■ Work instruction ■
While you copy the lines below, skip the pictures and keep the rest exact.

[[ Given material open ]]

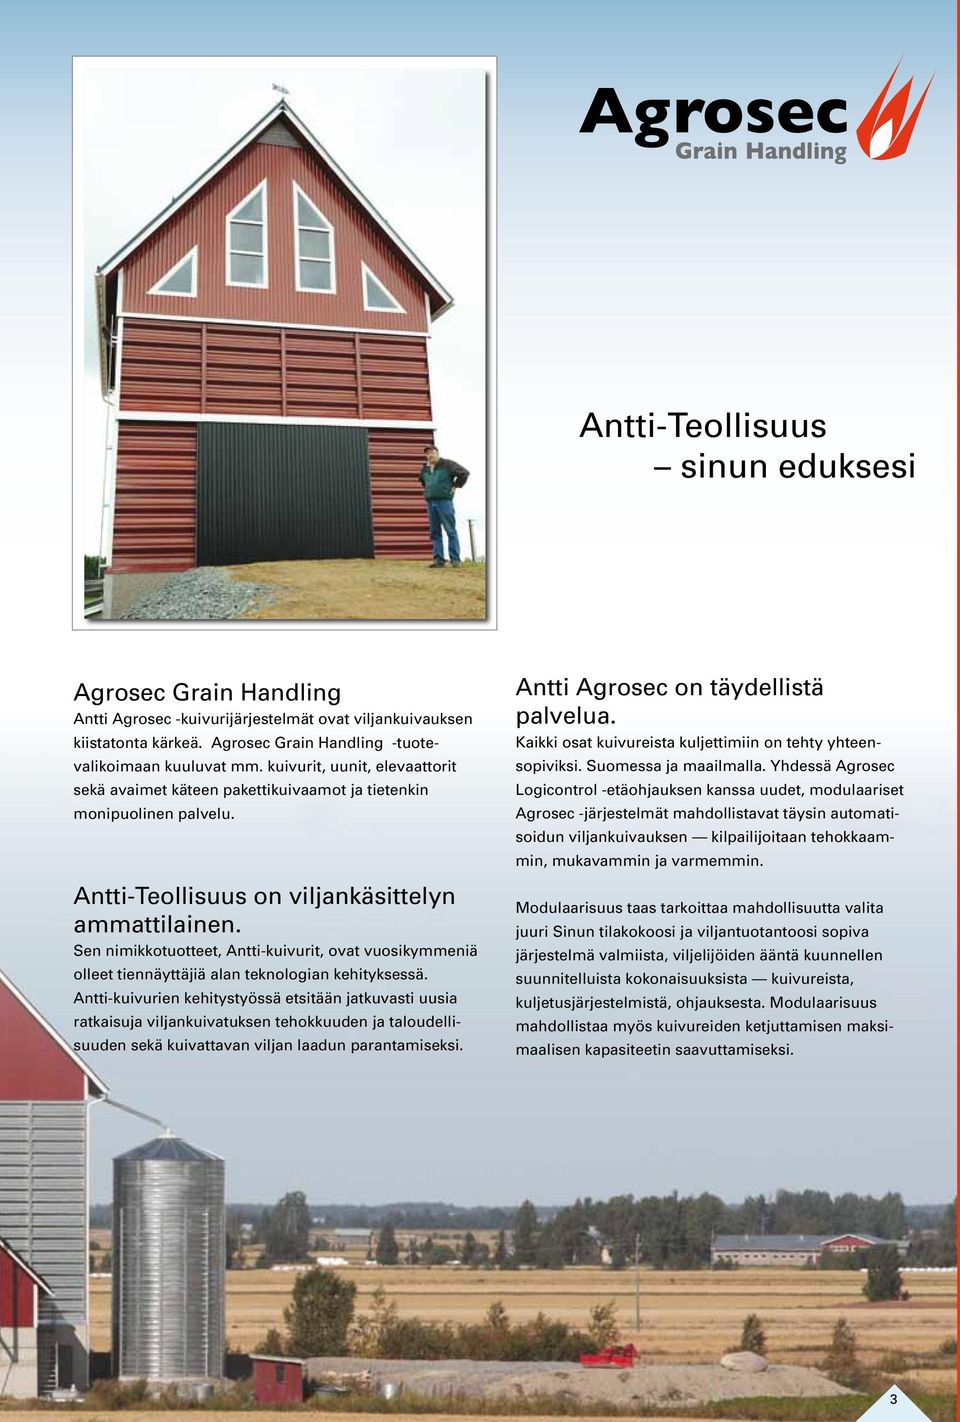 Sen nimikkotuotteet, Antti-kuivurit, ovat vuosikymmeniä olleet tiennäyttäjiä alan teknologian kehityksessä.
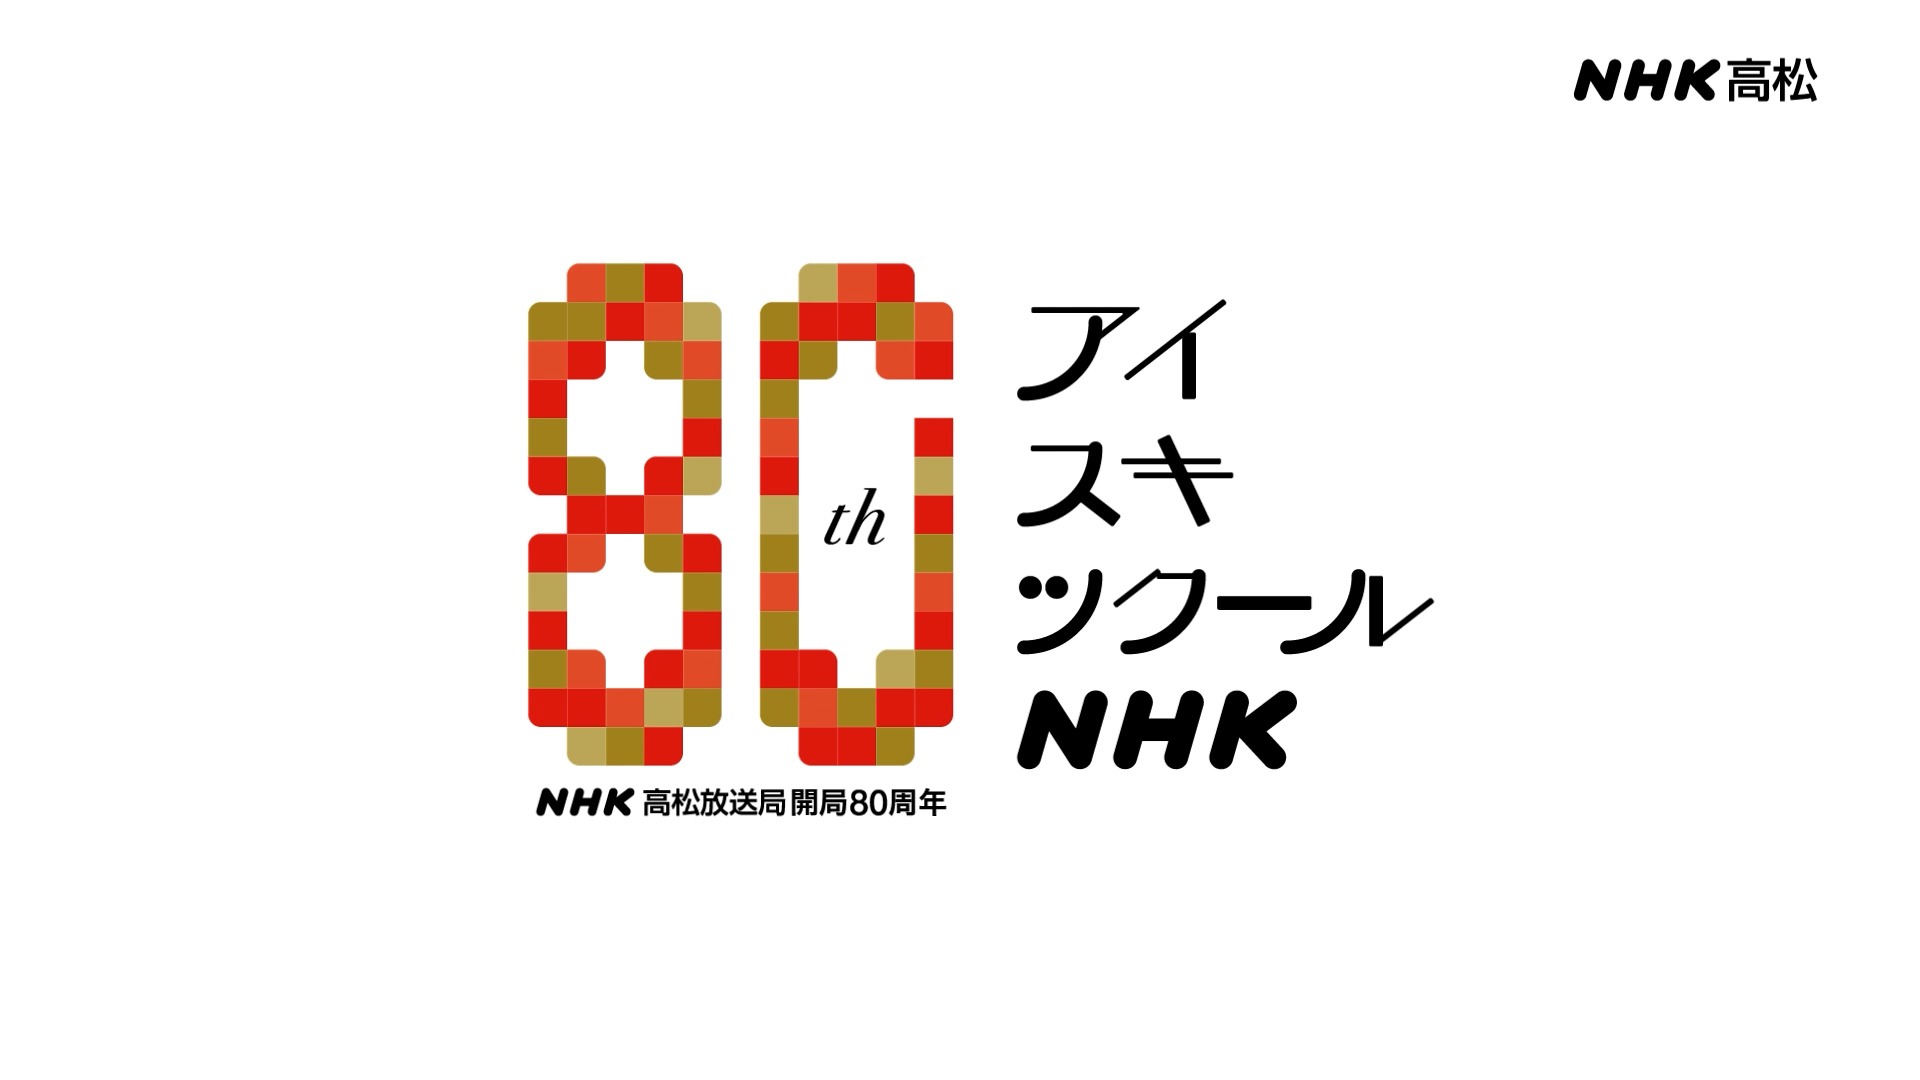 NHK高松放送局 開局80周年記念動画
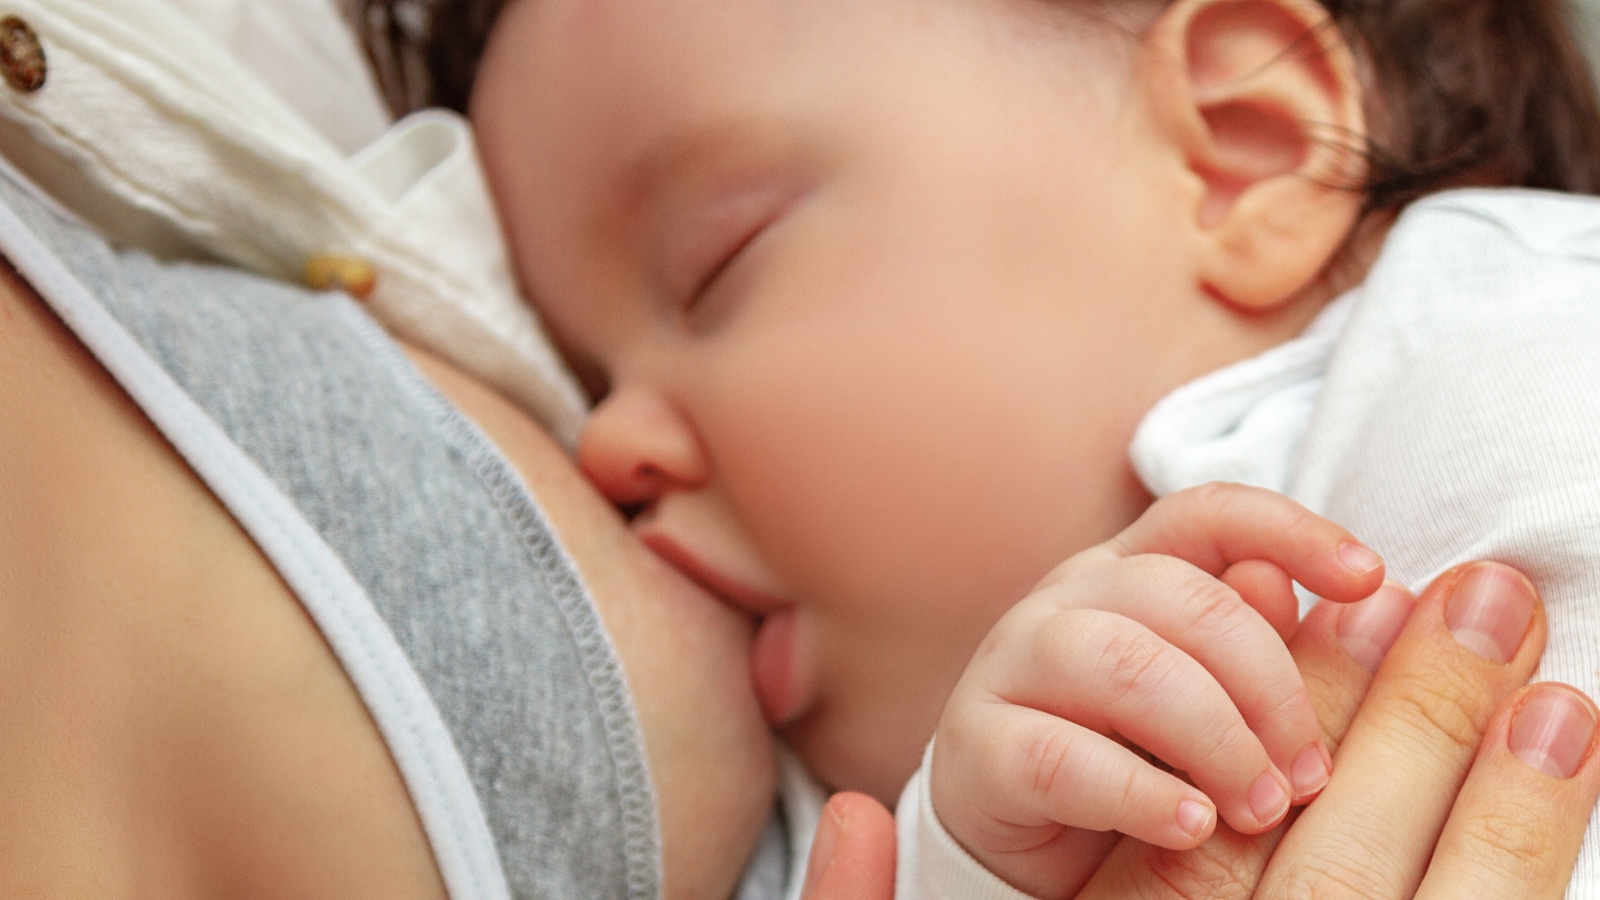 Los azúcares en la leche materna pueden ayudar a prevenir infecciones de la sangre en los recién nacidos: estudio
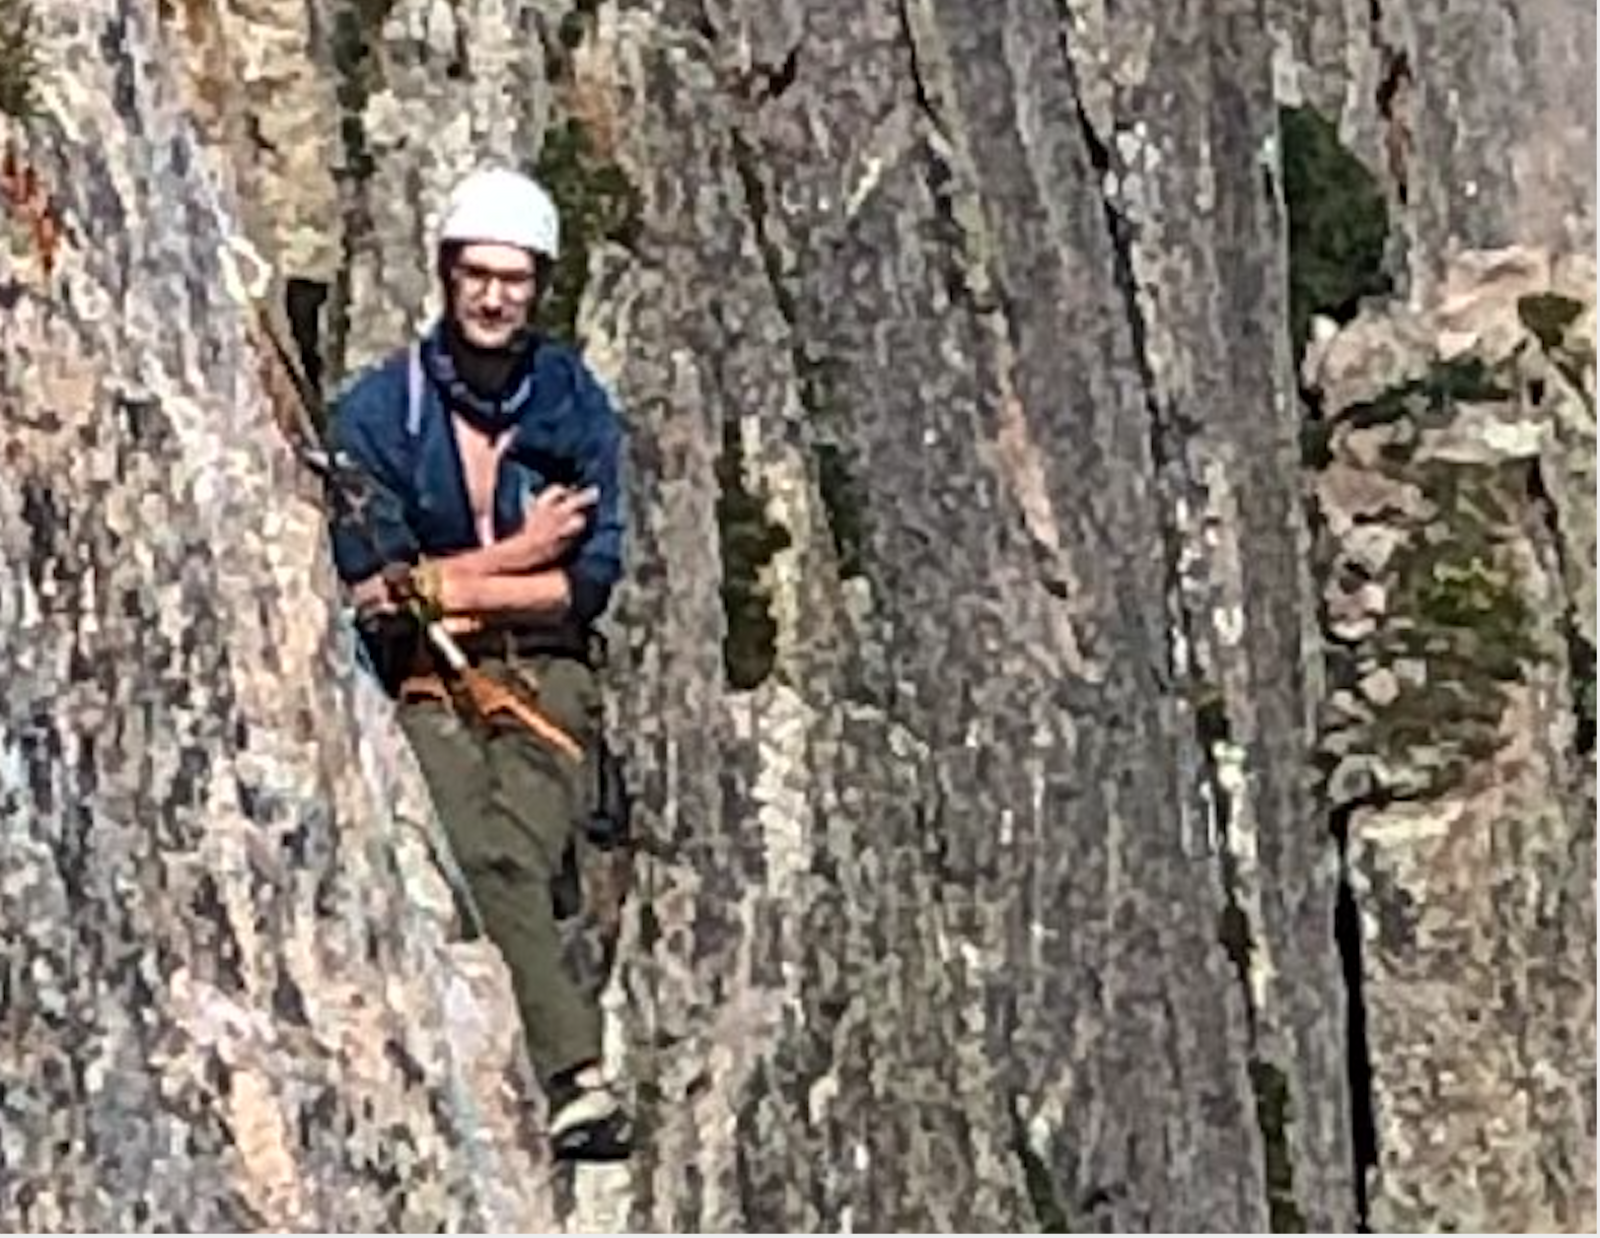 Climber looking unamused in hanging belay on the Diamond, Longs Peak

[[ Given material closed ]]

■ Result for this task ■
 Sen nimikkotuotteet, Antti-kuivurit, ovat vuosikymmeniä olleet tiennäyttäjiä alan teknologian kehityksessä.
 NHK高松放送局 開局80周年記念動画
 Los azúcares en la leche materna pueden ayudar a prevenir infecciones de la sangre en los recién nacidos: estudio
 Climber looking unamused in hanging belay on the Diamond, Longs Peak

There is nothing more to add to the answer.